Как бы там ни было, на новом месте Старшему стало лучше, сам дом помогал ему осваивать всё новые и новые свои пространства, открывая двери и дверцы в самые потаенные комнаты и закутки. Что там таилось, Ильде было неизвестно, во всяком случае, предположениями она ни с кем не делилась, отличаясь угрюмым характером и мрачной молчаливостью. Поэтому улыбка, с которой она в это утро произнесла: «Рада видеть Странника на пороге своего дома,» - больше походила на расщелину в скале, но фраза, обязательная в данном случае того требовала. Никогда не знаешь, какие известия принесет Странник, да и вообще не любила Ильда стука в свою дверь.
-Мир тебе и твоему дому. Оставим, Ильда, всю эту чепуху, мне нужна помощь, - в голосе Странника что-то странное почудилось Ильде, картины, одна страшнее другой пронеслись покадрово в голове, спотыкаясь друг об дружку.
-После всего ты просишь помощи? Оставь нас в покое. Оставь его в покое.
-Как он?
-Спасибо, хорошо.
-Выходит?
-Нет. А что ты хотела? Чтобы он пел и танцевал под луной от радости, после того как ты ушла? Как ты вообще смеешь сюда приходить и еще о чем-то просить?
-Хорошо, Ильда, я уйду. Об одном прошу – скажи Старшему, что я приходила. Просто приходила.
-Хорошо, я скажу.
-До свидания, Ильда.
-Доброй дороги тебе, Странник, - Ильда на ватных ногах, но с некоторым облегчением проводила незваного гостя до порога.
Глухо ухнула сова где-то за домом. Сумерки скрыли в себе Странника, но не беспокойство, прочно ухватившее Ильду.
-Ну, зачем она приходила!
Здесь стоит заметить, что Странник был особой женского пола, но по малопонятным причинам ритуал требовал обращения в мужском роде – Странник.
Ночь предъявила свои права на окрестности, и вскоре весь дом погрузился в ее благословенную тьму…

-Скажи-

И служил Иаков за Рахиль семь лет, и они показались ему за несколько дней,
потому что он любил ее.
Бытие, 29, 20

-Расскажи мне…
-О чем же?
-Не о чем, а о ком. Ты знаешь. Расскажи, как ты ее увидел.
-Осень в тот год стояла необыкновенная. Казалось, что само солнце спустилось на землю, расцветив деревья золотом и багрянцем, развесив алмазы росы на паутинках, чтобы отразится в них тонкими ослепительными лучиками. Видно этот блеск и сделал мое зрение таким острым, потому что увидел я то, что раньше не замечал. Знаешь, это только постороннему кажется, что он знает, за что и в какой момент один человек полюбил другого. Нет, солнышко, ни за что полюбить нельзя – просто отблеск солнца в волосах, тень от ресниц на изможденном бледном лице - и ты понимаешь, что пропал. Конечно, ты отбрасываешь эту мысль, пытаешься задавить чем-то другим, но это даже не мысль, это – свершившийся факт, а факт забыть невозможно, ведь он стоит перед тобой, и ты знаешь, что твое сердце теперь принадлежит другому человеку, и что отдал ты уже не только сердце, но и всё, что у тебя есть – душу, мысли, планы, мечты, все самое ценное, все, что прятал от других…

-Все свои сокровища…

-Да, все свои сокровища. А взамен она дает тебе крылья…

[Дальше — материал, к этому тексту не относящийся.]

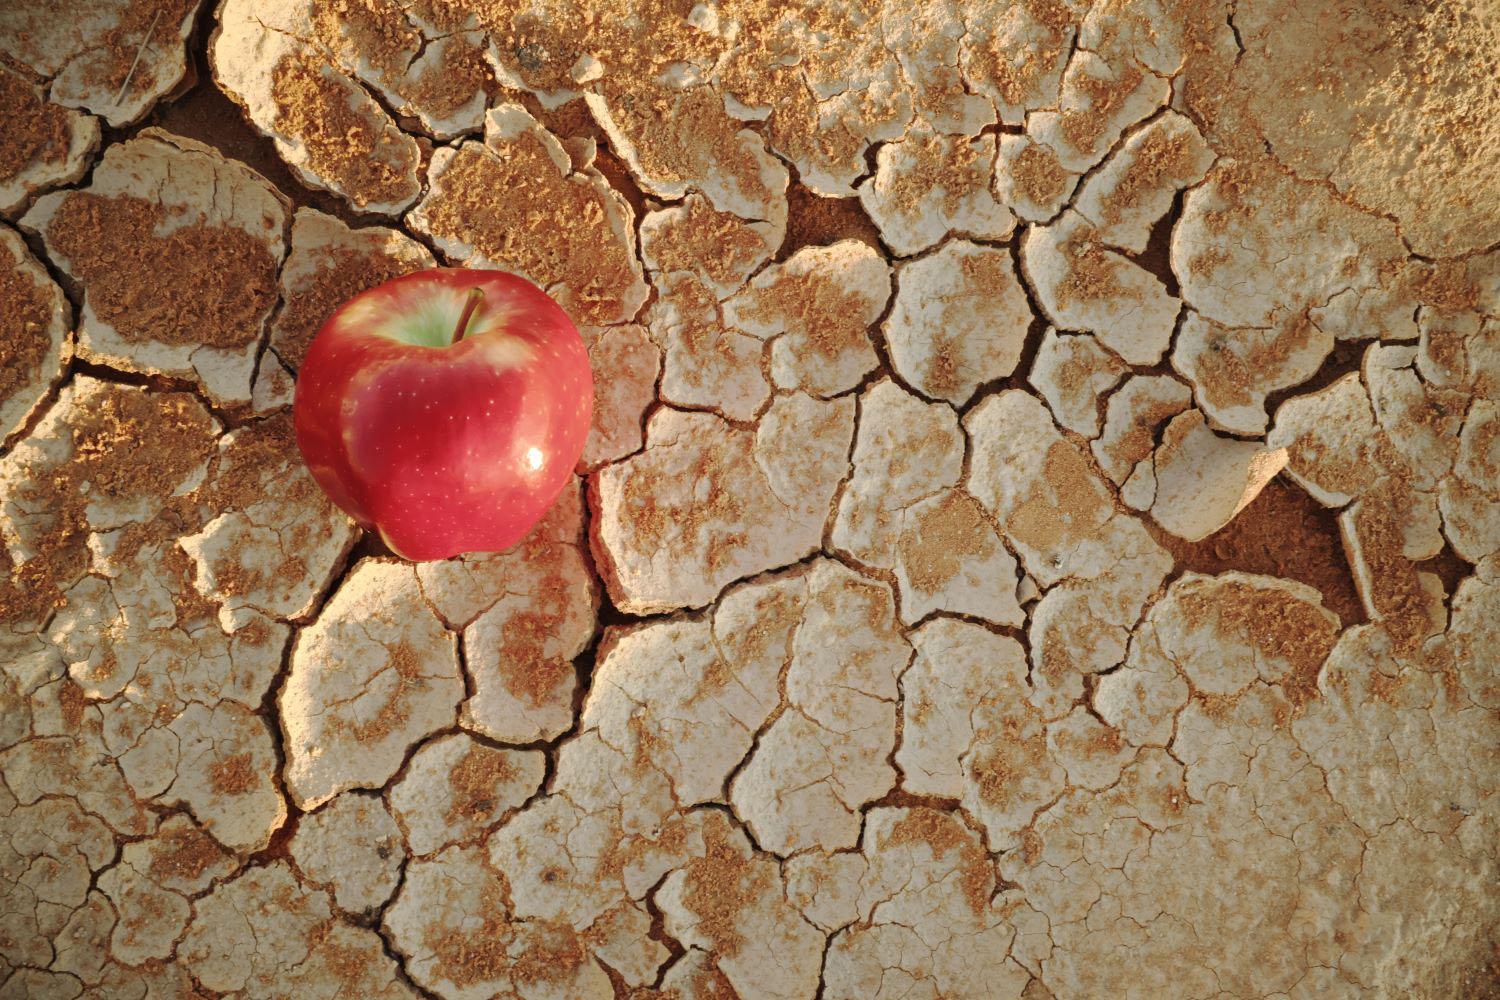 An apple on a dry cracked desert soil
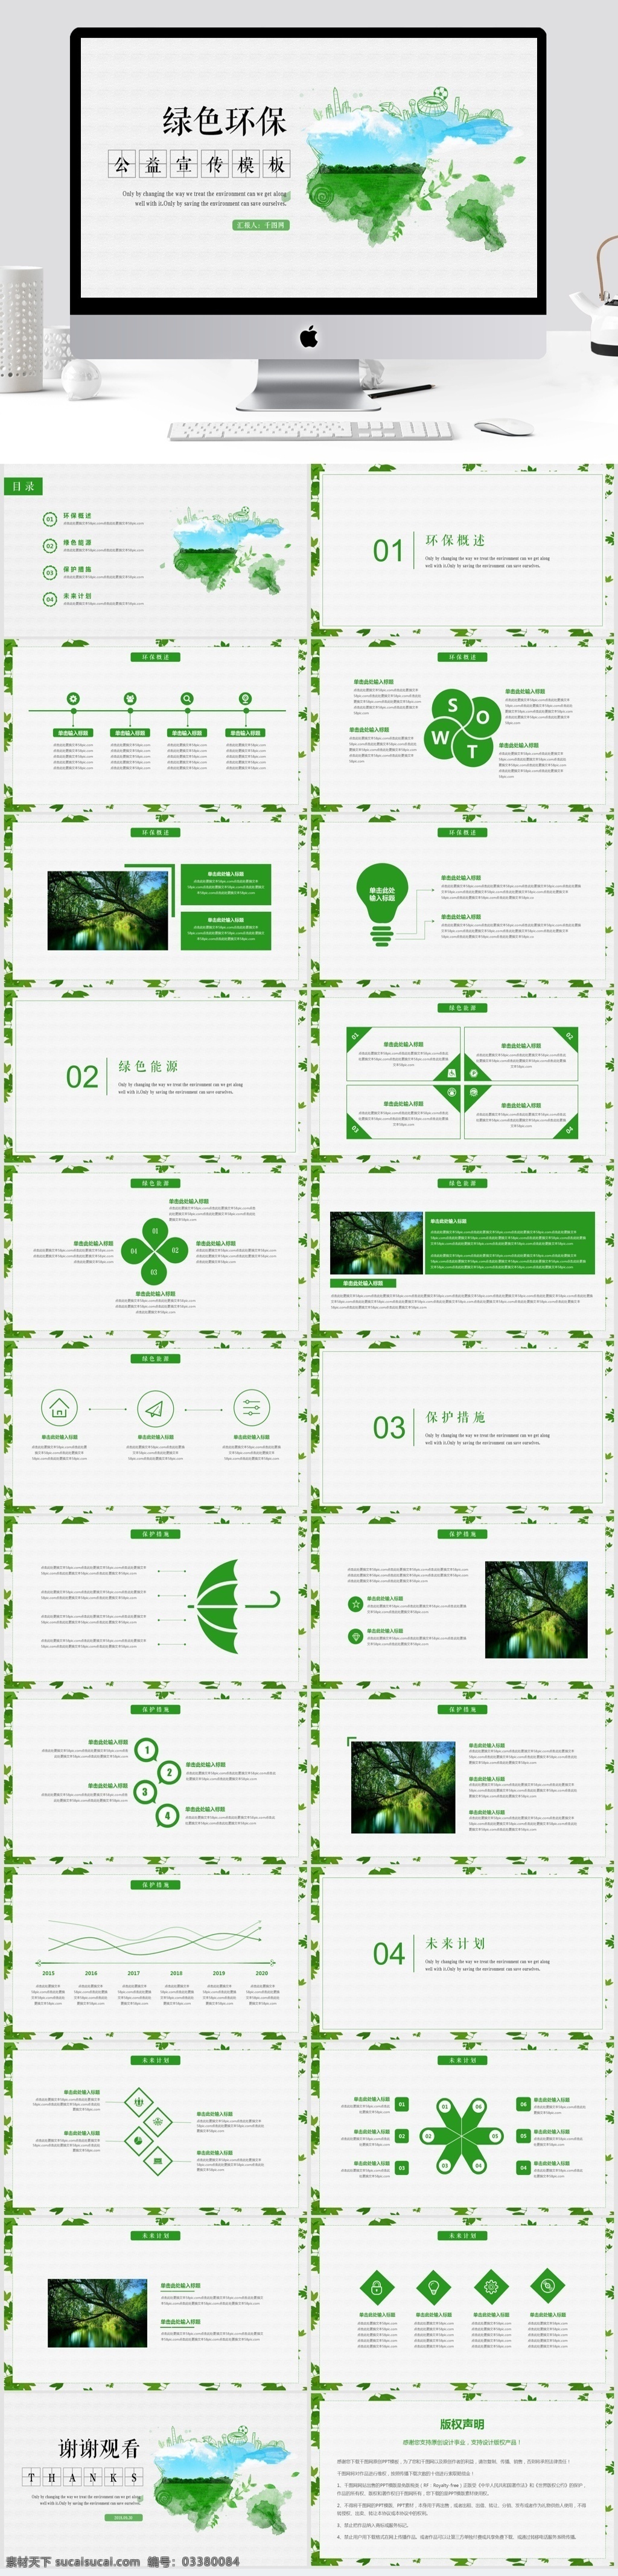 绿色环保 公益 宣传 通用 模板 绿色 环保 ppt模板 简约 公益宣传 保护地球 工作汇报 计划总结 模板下载 动态 爱护环境 自然

Мужчина вздохнул. Ведь как расскажешь, что эта любовь переполняет его и, не имея исхода, режет его тело на мелкие кусочки, что память его превратилось в чувство, а он – орган это чувства – каменеет в мучительных судорогах бессонными ночами, заглушая свои крики подушкой. Ведь любовь не только отдаешь, надо, очень надо, чтобы ее брали, забирали всю до капли, оставляя тебе тревогу, такую мучительную и странную, что ты совершаешь непоправимое – позволяешь своей женщине уйти
О каких крыльях можно говорить?
Откуда – крылья?
Стань ветром, солнечным светом, влажной землей…
Но не будь никогда одинокой птицей, с тоской глядящей на землю из пустоты неба…

- Дом на холме -

Дом на холме загрустил. Он поскрипывал, постанывал, тосковал. Ему было душно и скучно. Разматывая, словно старый свитер, нити истории, мы как-то совершенно о нем забыли, отодвинули за край реального мира в мир сказочный и невозможный. Однако именно дом на холме имеет полное право на бытие, ведь все наши нити, так или иначе, ведут к нему. Ведь не могли же мы его попросту выдумать? Ведь, где-то должны расти розы, осыпая свои лепестки под тяжестью пчел.

Итак, признаем за домом на холме право на существование, а признав, незаметно войдем в него вслед за Алексом и узнаем об одном разговоре, который очень заинтересовал дом, приободрил и вселил в него надежду.
-Зачем тебе это нужно? – Старший посматривал на сына уставшими глазами.
Алекс молчал.
Старший вздохнул.
-Ладно, ты понимаешь хотя бы, чем это может кончиться?
-Да, но если ты мне не поможешь, я сделаю все сам.
-Угу, и кончится всё быстрее и хуже. – Старший задумался. – Так чего ты добиваешься?
-Женюсь я на ней.
Старший удивленно взглянул на сына и закричал:
-Ильда! Ильда! Иди скорее сюда! Мальчик хочет жениться!

В этом месте мы немного остановимся и приоткроем завесу над прошлым участников этого разговора.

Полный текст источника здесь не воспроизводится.